Произнеся последнюю фразу, Маша замолчала – история про убийцу перекрыла в ее голове эту информацию.
– Там были жертвы?
Маша молчала.
– Маша, там были жертвы? – повторил Андрей. – Потому что вокруг тебя очень много чего горит в последнее время и в основном с трупами. И если этот твой Шарниров – убийца, то все сходится.
– Что сходится, Андрей?
– Модус операнди. Заметание следов. Я не хочу, чтобы ты встречалась с ним наедине, слышишь? Если он говорит правду и существует еще кто-то, то он не откажется встретиться с тобой в отделении полиции в присутствии полицейского. Выслушай его и переведи все тамошним следакам. Обещай мне, что не будешь…
– Что-то все сегодня требуют с меня обещаний. – Маша почувствовала, как дрожит под тонким гостиничным одеялом. – Хорошо.
– Что хорошо? – строго переспросил Андрей.
– Я не буду встречаться с ним наедине, гражданин начальник.
– То-то. Умница. – И Андрей, пожелав ей спокойной ночи, с явным облегчением закончил разговор.
Андрей
Андрей положил трубку и вздохнул. Чем дальше в лес, тем тяжелее ему было говорить с Машей о чем-то, не завязанном на убийствах. Он усмехнулся: кто бы мог подумать, что он когда-нибудь захочет сам поговорить об «отношениях» – на тему, которую всегда избегал, и к тридцати с лишним годам, как всякий уважающий себя мужчина, достиг в этом искусном увиливании больших высот. Наказание настигло героя – теперь он был бы и рад перейти к крайне волнующему его вопросу: что будет дальше с ними, с их отношениями, черт возьми?! Но вот как это сделать, не представлял. Впрочем, он уже понял, что напал на редчайший женский типаж: Маша, похоже, меньше него самого любила и умела выяснять отношения… И еще: он очень за нее боялся, и новости с заморских берегов только растравляли его страх. Но что он мог сделать? Тайно пересечь границу в трюме какого-нибудь торгового судна, прибывающего в Антверпен, чтобы потом просто ходить с ней рядом, подобно верному оруженосцу? Мысль бредовая, но Андрей склонялся к ней тем сильней, чем глубже увязало расследование. С горя он даже решил позвонить женам Шарнирова – первой, официальной, в Германии. И второй, гражданской, в Бельгии. И начал со второй. Однако к телефону никто не подходил. «Пожар, – вспомнил он. – Может, ее и в живых-то уже больше нет». И Андрей, крякнув, набрал номер мадам Шарнировой номер один, ставшей фрау Хартман.

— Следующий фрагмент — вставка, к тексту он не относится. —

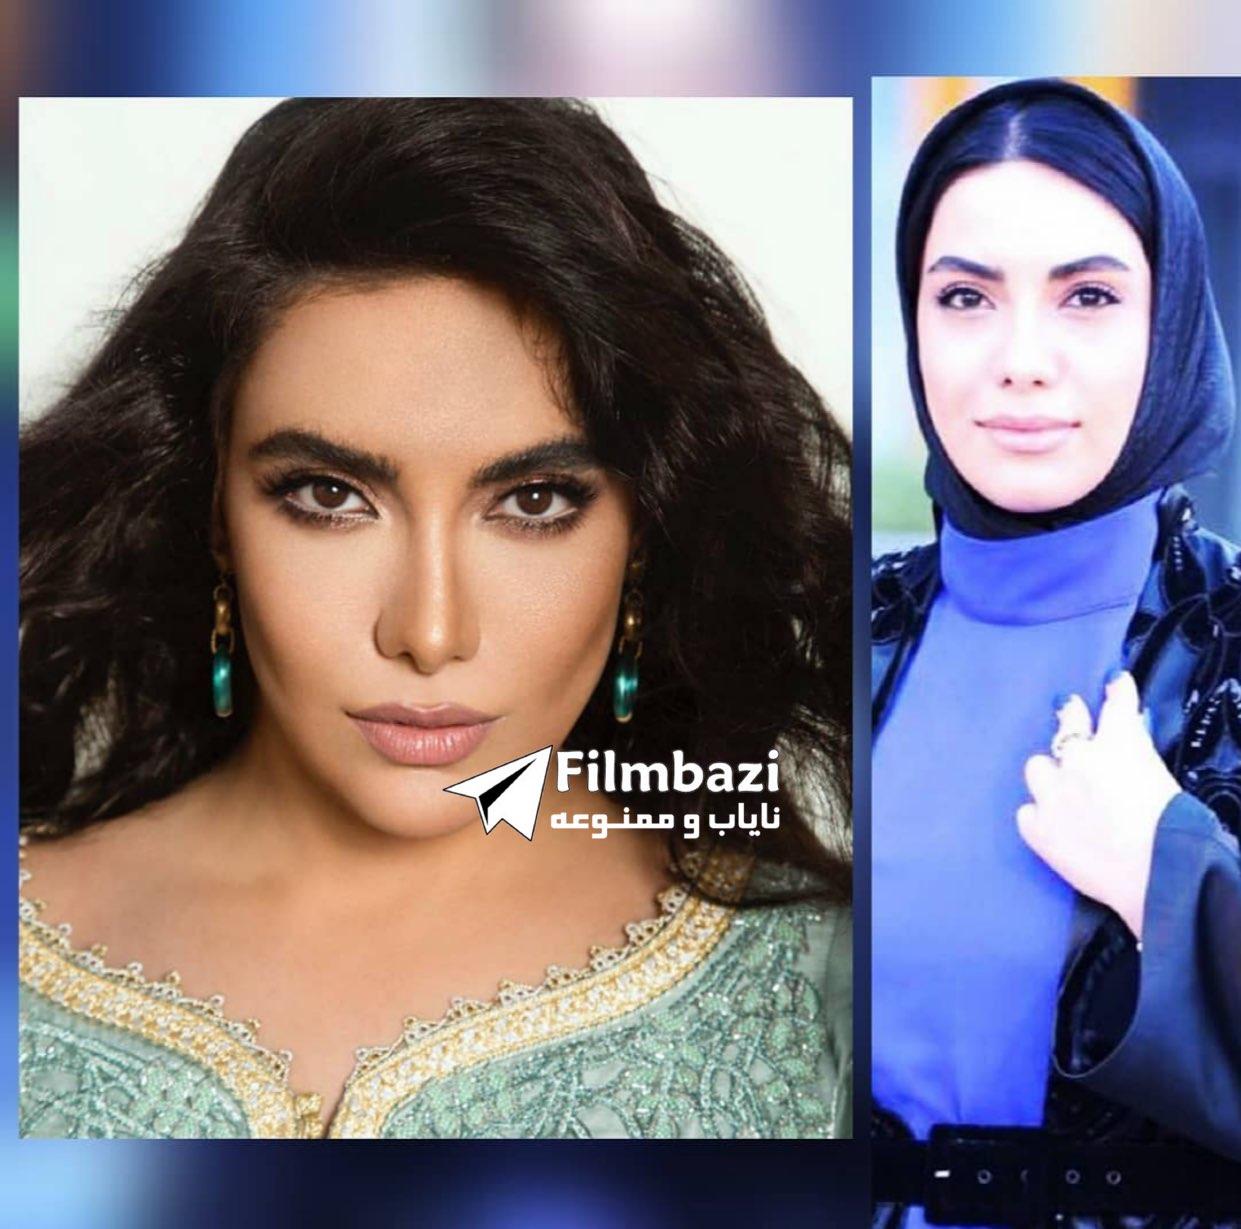 عکس لورفته الهه فرشچی بعد از کشف حجاب

– Я бы хотел поговорить о вашем бывшем муже, – начал он, пытаясь перекричать детский крик на заднем плане.
– Об Аркаше? – удивилась фрау и что-то рявкнула дитяте по-немецки. – Извините, а вы кто?
– А я –
– Что он натворил? Я имею в виду бывшего мужа? – Фрау вышла в другую комнату и прикрыла дверь – детский ор стал поглуше.
– Пока ничего. Просто профилактический звонок.
– Ну конечно. Мы уже лет пять как в разводе – и вы мне звоните в Кельн, хотя ничего не произошло. Да ладно, что уж. Задавайте ваши вопросы.
– Вопросов конкретных пока нет. Расскажите, как давно вы его знаете, что он за человек? – И Андрей вдруг вспомнил, как сидел напротив другой бывшей жены – в Екатеринбурге.
– Да. Ясно, – произнесла бывшая жена, еще больше насторожившись. – Хороший человек, но слабохарактерный. На убийство не способен, если только речь не идет о его рухляди.
– Какой рухляди?
– А какой угодно. Старья, за которое он надеется выручить сумасшедшие деньги. Мы с ним с тоски сошлись, не по любви. Но я тогда думала, Аркаша просто такой инертный. А он инертный-то инертный, а как речь о кладах заходит, бешеный становится. Больше-то его в жизни ничего не волнует. Даже работать когда устраивался гидом-переводчиком – у него к языкам способности, – то на всякие выставки антикварные бегал толмачом.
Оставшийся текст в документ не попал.